--- DESCRIPTION OF THE TASK ---
Please take the records that follow and repeat exactly the lines starting with the line with "médico en la" and going on through the line with "Клетка декоративная ScrapBerrys, цвет: белый, 6".

--- RECORDS FOR THIS EXERCISE ---
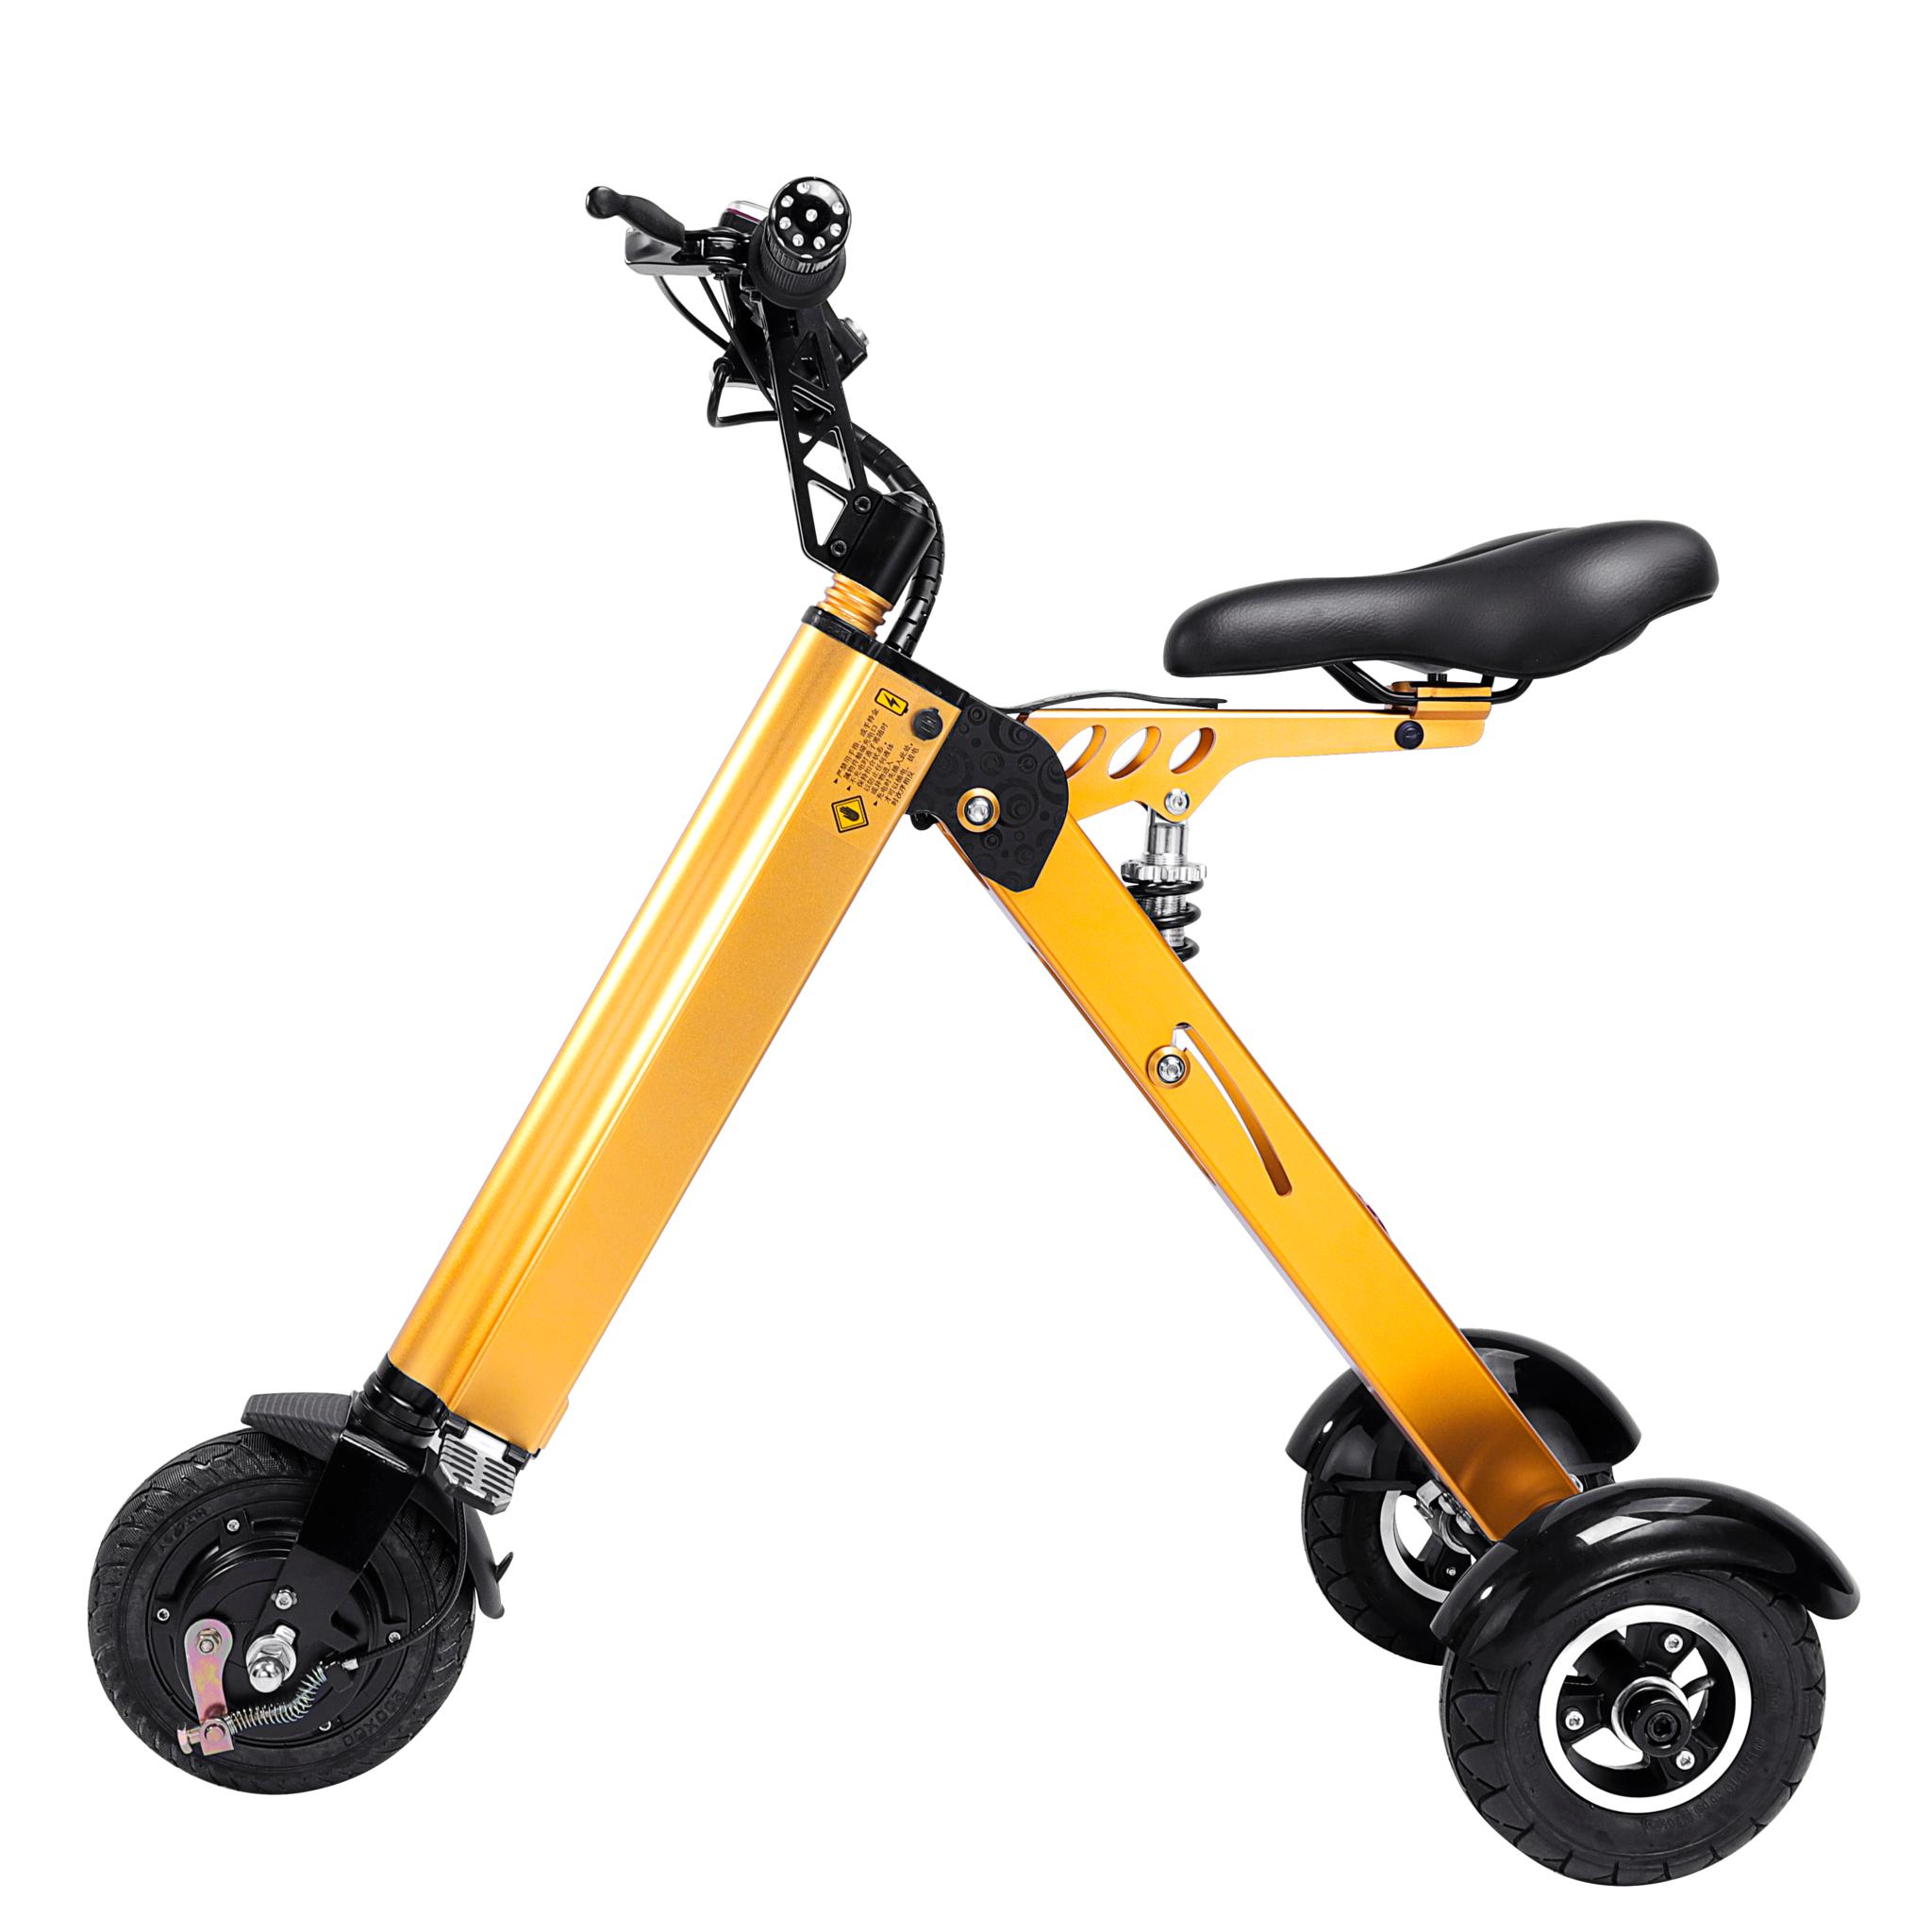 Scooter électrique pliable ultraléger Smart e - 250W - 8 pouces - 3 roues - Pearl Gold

==

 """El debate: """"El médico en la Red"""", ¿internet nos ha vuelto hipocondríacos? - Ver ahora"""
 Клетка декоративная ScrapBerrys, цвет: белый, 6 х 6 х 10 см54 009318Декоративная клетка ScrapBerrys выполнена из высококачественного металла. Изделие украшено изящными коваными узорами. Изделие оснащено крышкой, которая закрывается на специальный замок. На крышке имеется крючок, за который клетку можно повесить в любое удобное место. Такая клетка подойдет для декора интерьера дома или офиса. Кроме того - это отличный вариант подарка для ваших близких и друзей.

* * *

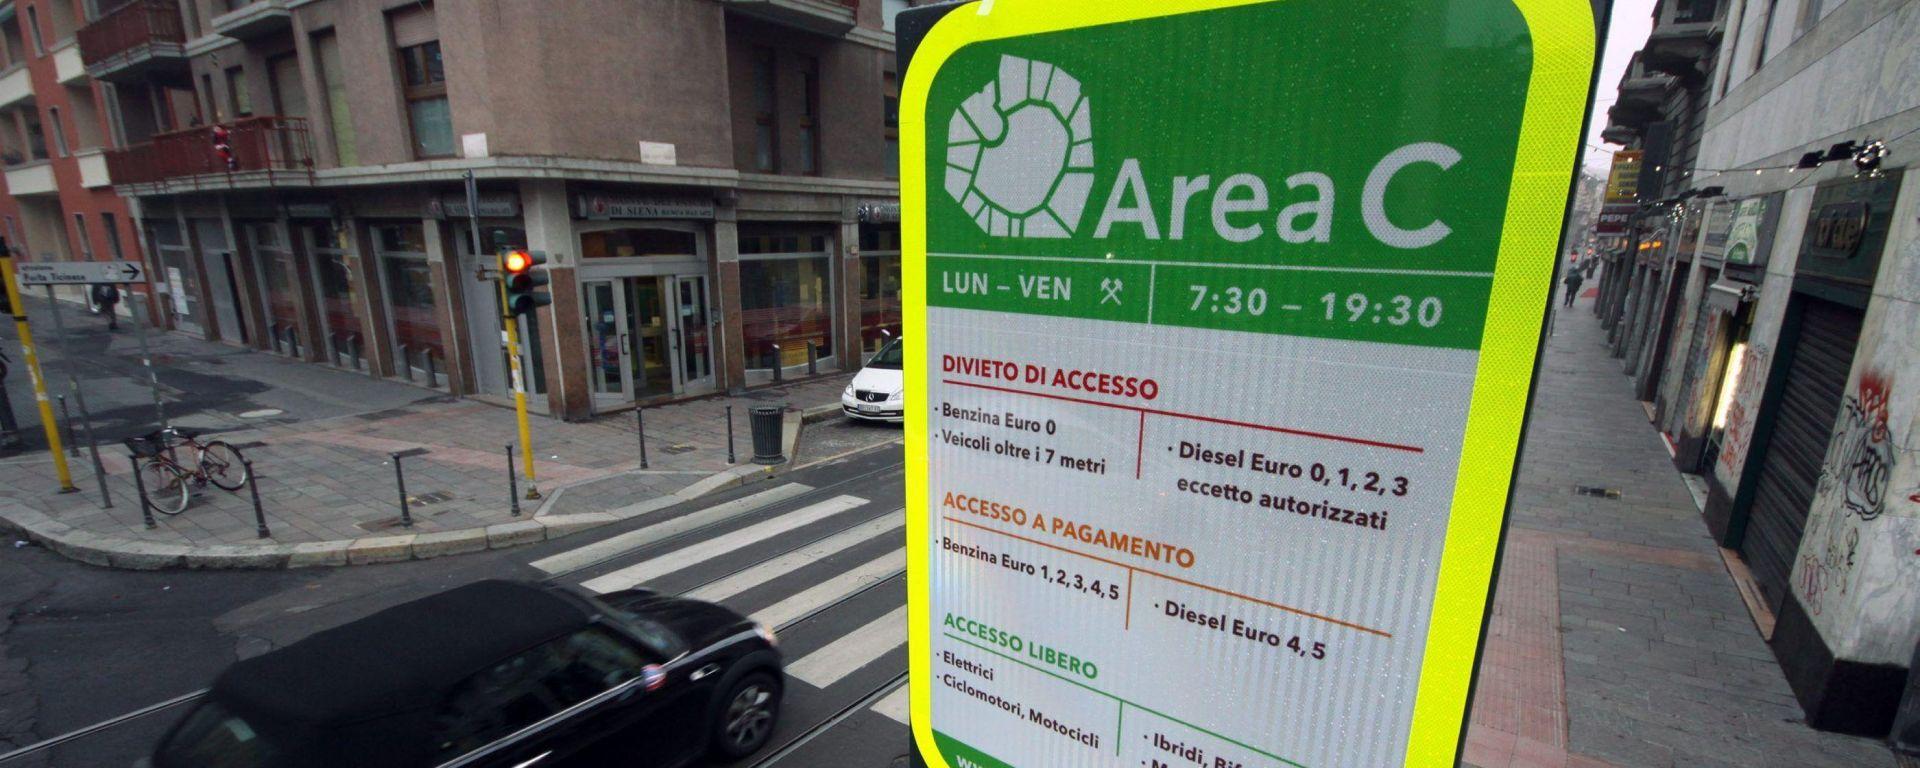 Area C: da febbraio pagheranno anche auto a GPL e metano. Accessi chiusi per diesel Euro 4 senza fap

--- ANSWER BOX ---
 """El debate: """"El médico en la Red"""", ¿internet nos ha vuelto hipocondríacos? - Ver ahora"""
 Клетка декоративная ScrapBerrys, цвет: белый, 6 х 6 х 10 см54 009318Декоративная клетка ScrapBerrys выполнена из высококачественного металла. Изделие украшено изящными коваными узорами. Изделие оснащено крышкой, которая закрывается на специальный замок. На крышке имеется крючок, за который клетку можно повесить в любое удобное место. Такая клетка подойдет для декора интерьера дома или офиса. Кроме того - это отличный вариант подарка для ваших близких и друзей.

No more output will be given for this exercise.